Elliptically-Contoured Tensor-variate Distributions with Application to Improved Image Learning
This work addresses the limitation of tensor-variate normal distributions for image data with heavier or lighter tails, offering incremental improvements in tensor-based statistical analysis for computer vision applications.
The authors tackled the problem of modeling tensor-valued data with non-normal tails by introducing elliptically contoured tensor-variate distributions, which improved classification of cats and dogs in the Animal Faces-HQ dataset and better characterized gender, age, and ethnic origin in the Labeled Faces of the Wild dataset compared to tensor-variate normal methods.
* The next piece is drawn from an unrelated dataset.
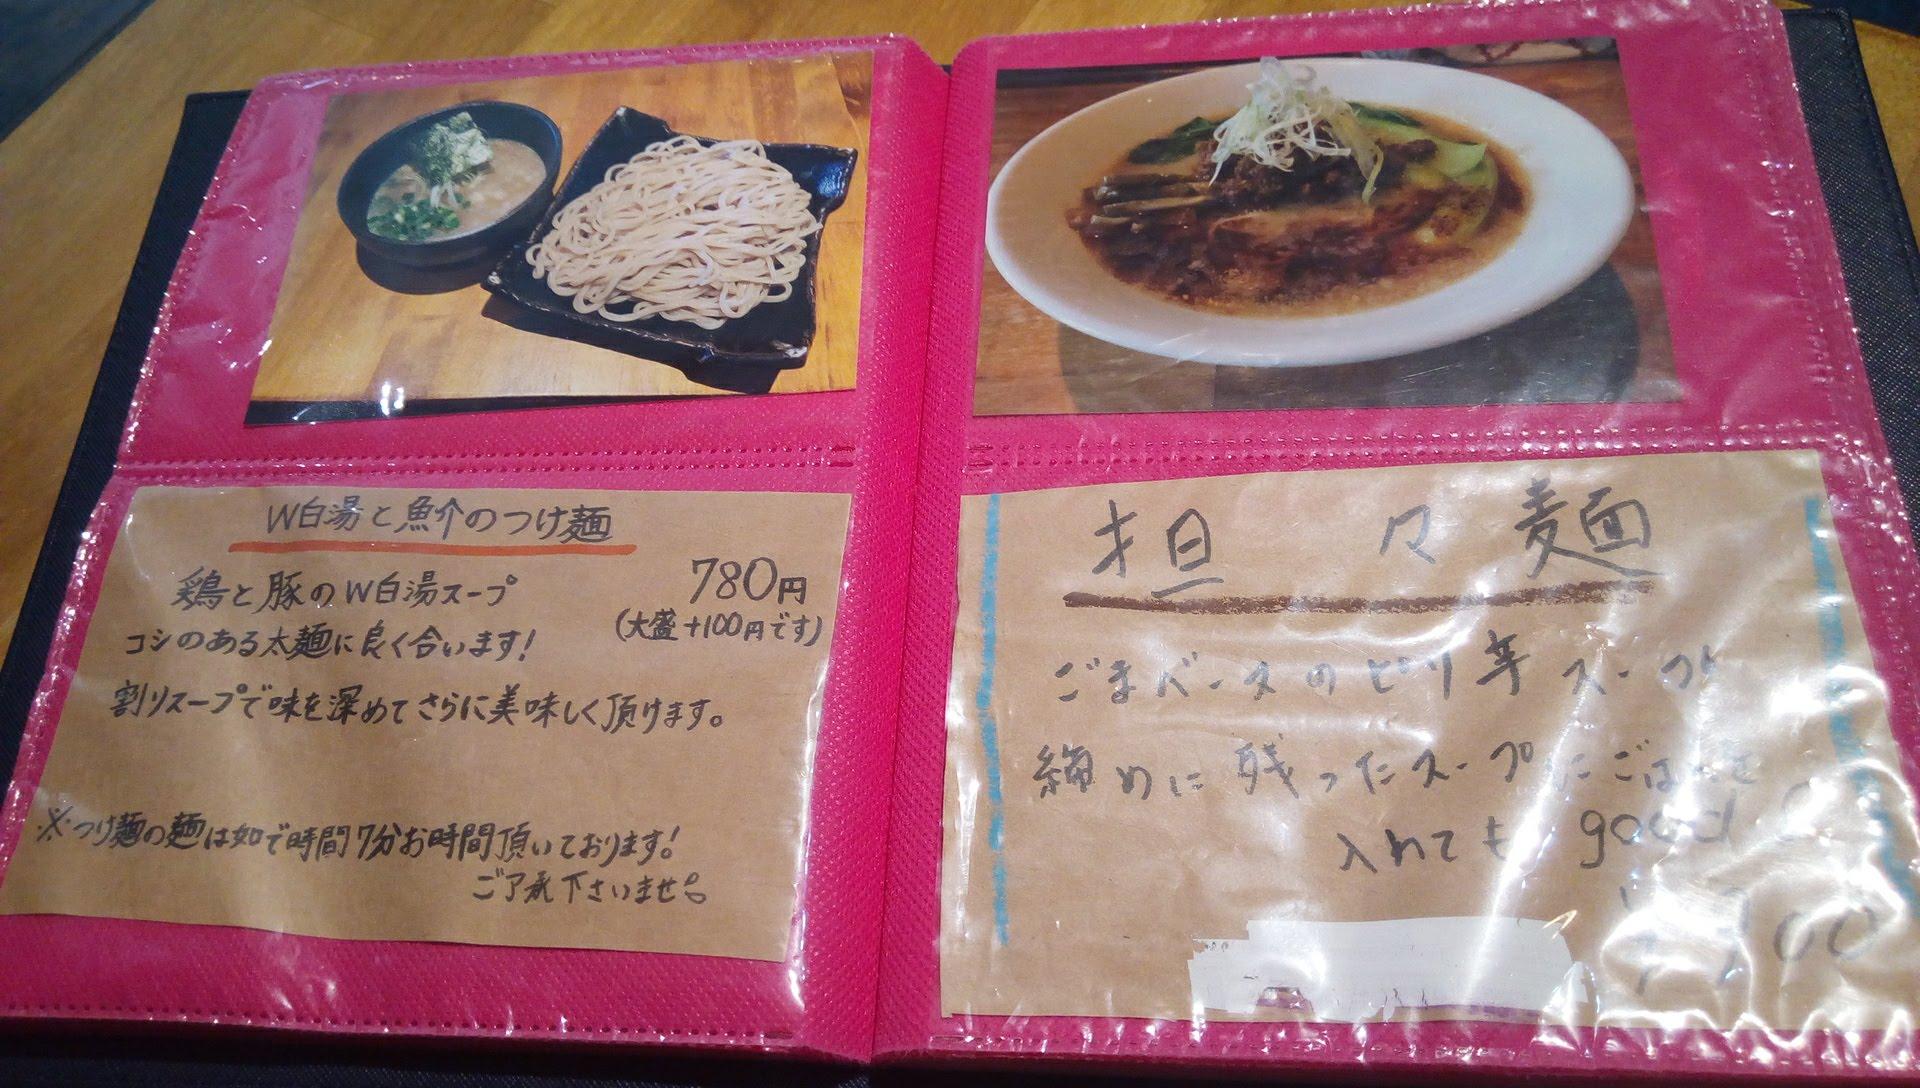 The menu of Menya-Gochi 4
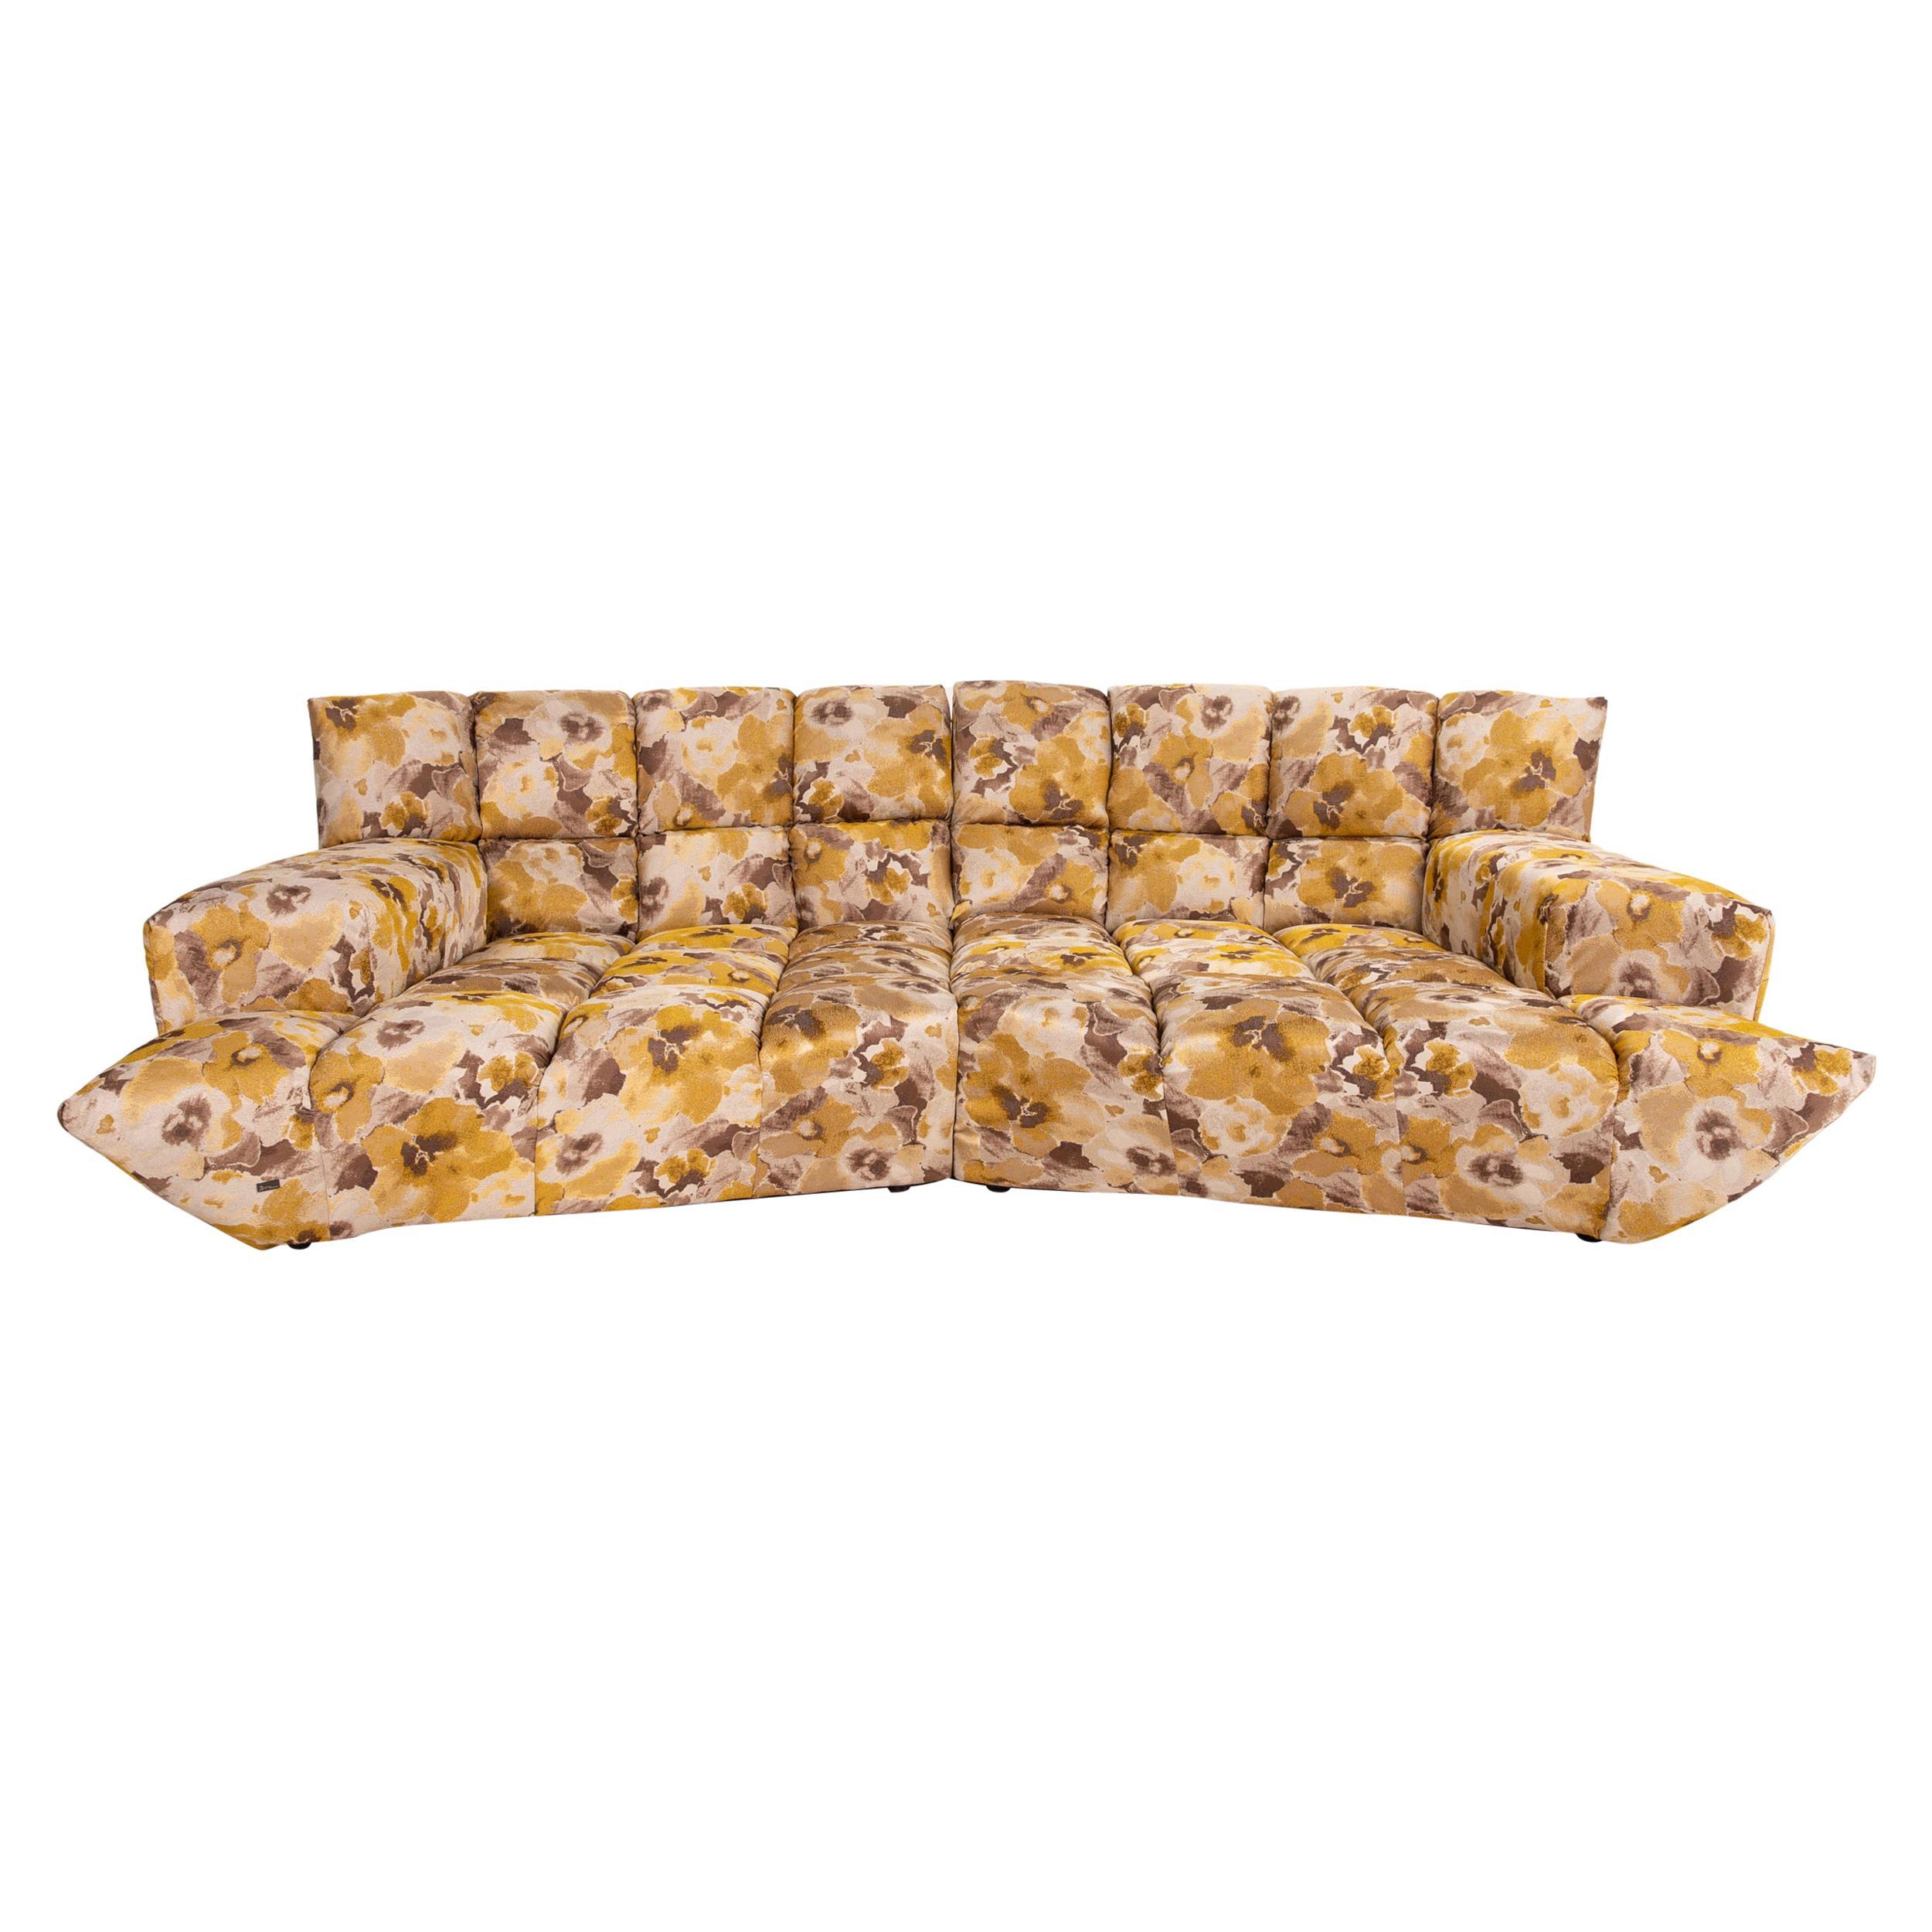 Bretz Cloud 7 Velvet Fabric Corner Sofa Yellow Gold Brown Sofa Couch Modular

Statistical analysis of tensor-valued data has largely used the tensor-variate normal (TVN) distribution that may be inadequate when data comes from distributions with heavier or lighter tails. We study a general family of elliptically contoured (EC) tensor-variate distributions and derive its characterizations, moments, marginal and conditional distributions, and the EC Wishart distribution. We describe procedures for maximum likelihood estimation from data that are (1) uncorrelated draws from an EC distribution, (2) from a scale mixture of the TVN distribution, and (3) from an underlying but unknown EC distribution, where we extend Tyler's robust estimator. A detailed simulation study highlights the benefits of choosing an EC distribution over the TVN for heavier-tailed data. We develop tensor-variate classification rules using discriminant analysis and EC errors and show that they better predict cats and dogs from images in the Animal Faces-HQ dataset than the TVN-based rules. A novel tensor-on-tensor regression and tensor-variate analysis of variance (TANOVA) framework under EC errors is also demonstrated to better characterize gender, age and ethnic origin than the usual TVN-based TANOVA in the celebrated Labeled Faces of the Wild dataset.